Now we'll clean the data using functions from our `data_import` module.

In [ ]:
# Check missing values before cleaning
print("Missing values before cleaning:")
print(df.isnull().sum())

# Clean the data
cleaned_df = clean_data(
    df,
    drop_duplicates=True,
    fill_na={'numeric_feature_1': df['numeric_feature_1'].mean()}
)

# Check missing values after cleaning
print("\nMissing values after cleaning:")
print(cleaned_df.isnull().sum())

# Transform the data
transformed_df = transform_data(
    cleaned_df,
    normalize_cols=['numeric_feature_1', 'numeric_feature_2', 'numeric_feature_3'],
    categorical_cols=['category']
)

print("\nTransformed data:")
transformed_df.head()

## 2. Exploratory Data Analysis

Let's perform some basic exploratory data analysis using our `example_analysis` module.

In [ ]:
# Calculate descriptive statistics
stats_df, plots = descriptive_stats(
    cleaned_df,
    numeric_cols=['numeric_feature_1', 'numeric_feature_2', 'numeric_feature_3'],
    include_plots=True
)

# Display the statistics
print("Descriptive Statistics:")
stats_df.round(2)

In [ ]:
# Show distribution plots for feature 1
plots['numeric_feature_1']

In [ ]:
# Perform correlation analysis
corr_df, corr_plot = correlation_analysis(
    cleaned_df,
    numeric_cols=['numeric_feature_1', 'numeric_feature_2', 'numeric_feature_3'],
    method='pearson',
    threshold=0.0,
    include_plot=True
)

print("Correlation Matrix:")
print(corr_df.round(3))

# Display the correlation plot
corr_plot

### Group Analysis by Category

Let's analyze our data grouped by the categorical variable.

In [ ]:
# Group statistics by category
group_stats = cleaned_df.groupby('category')[['numeric_feature_1', 'numeric_feature_2', 'numeric_feature_3']].agg(['mean', 'std'])
print("Group Statistics by Category:")
group_stats

In [ ]:
# Visualize distributions by category
fig, axes = plt.subplots(1, 3, figsize=(18, 6))

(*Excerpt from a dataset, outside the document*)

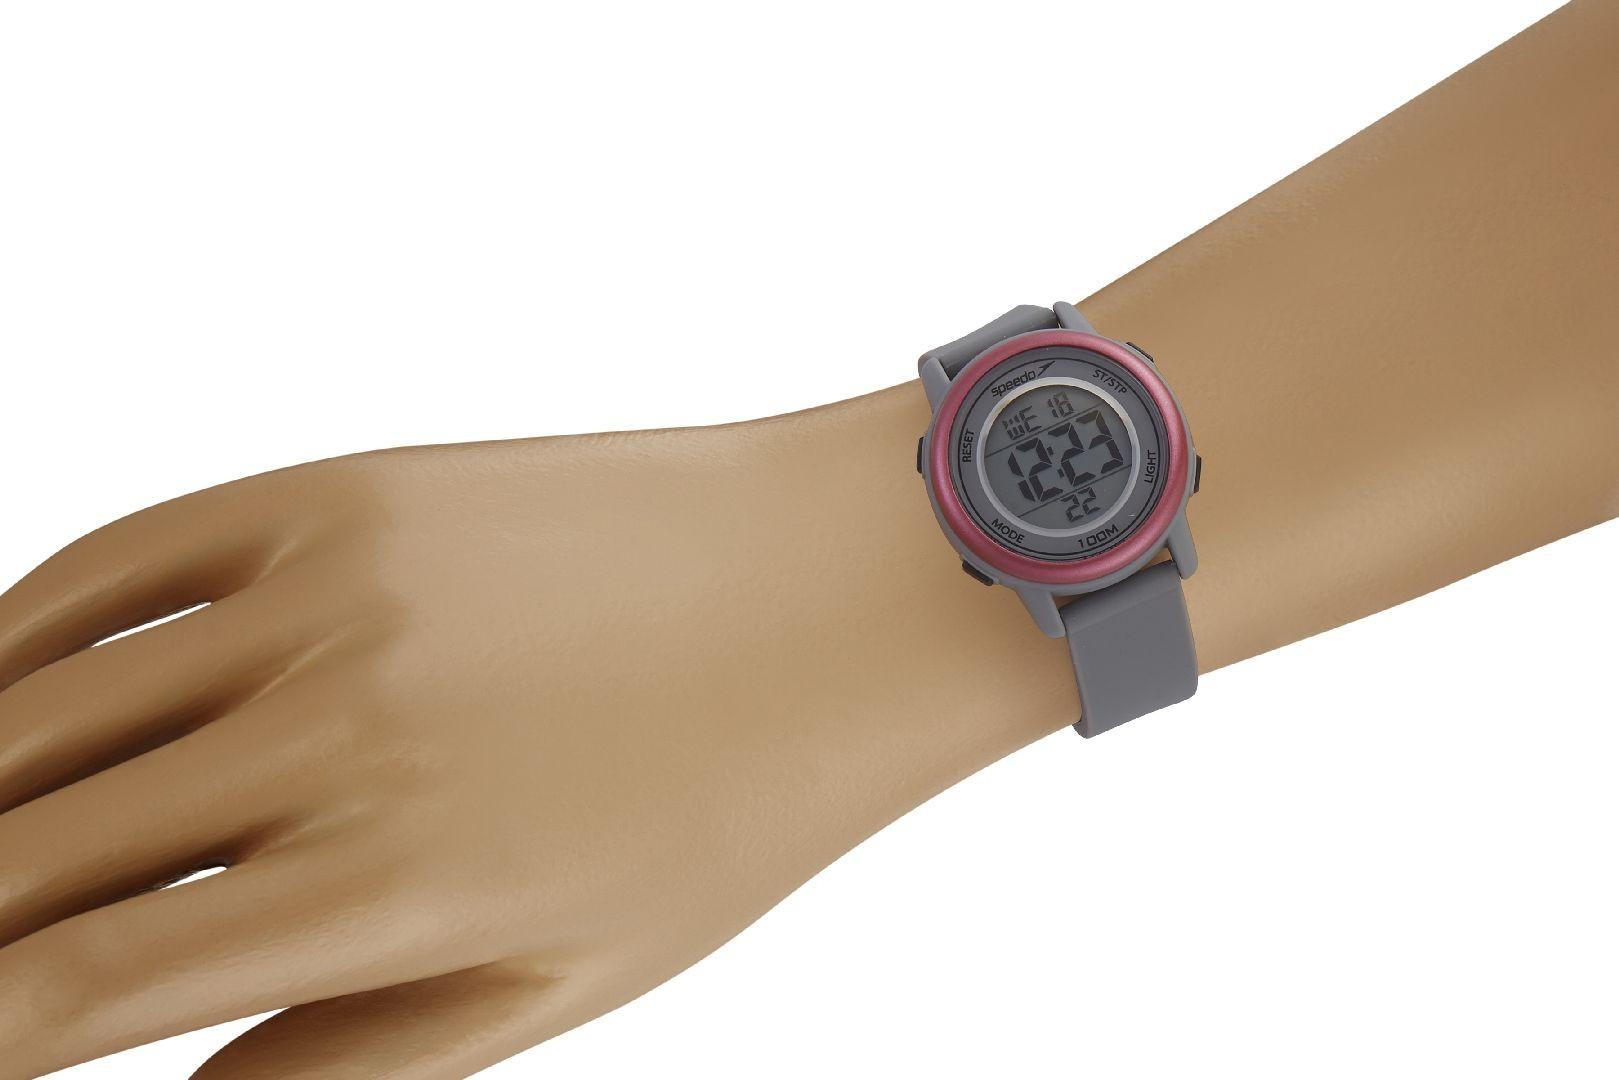 Relógio Feminino Speedo Pulseira de Poliuretano Cinza Fundo LCD Positivo

for i, feature in enumerate(['numeric_feature_1', 'numeric_feature_2', 'numeric_feature_3']):
    sns.boxplot(x='category', y=feature, data=cleaned_df, ax=axes[i])
    axes[i].set_title(f'Distribution of {feature} by Category')
    axes[i].grid(True, linestyle='--', alpha=0.7)

plt.tight_layout()
plt.show()

## 3. Statistical Testing

Let's perform statistical tests to compare groups.

In [ ]:
from dbutils_batch_query.example_analysis import run_t_test

# Extract data for groups A and B for feature 1
group_a = cleaned_df[cleaned_df['category'] == 'A']['numeric_feature_1']
group_b = cleaned_df[cleaned_df['category'] == 'B']['numeric_feature_1']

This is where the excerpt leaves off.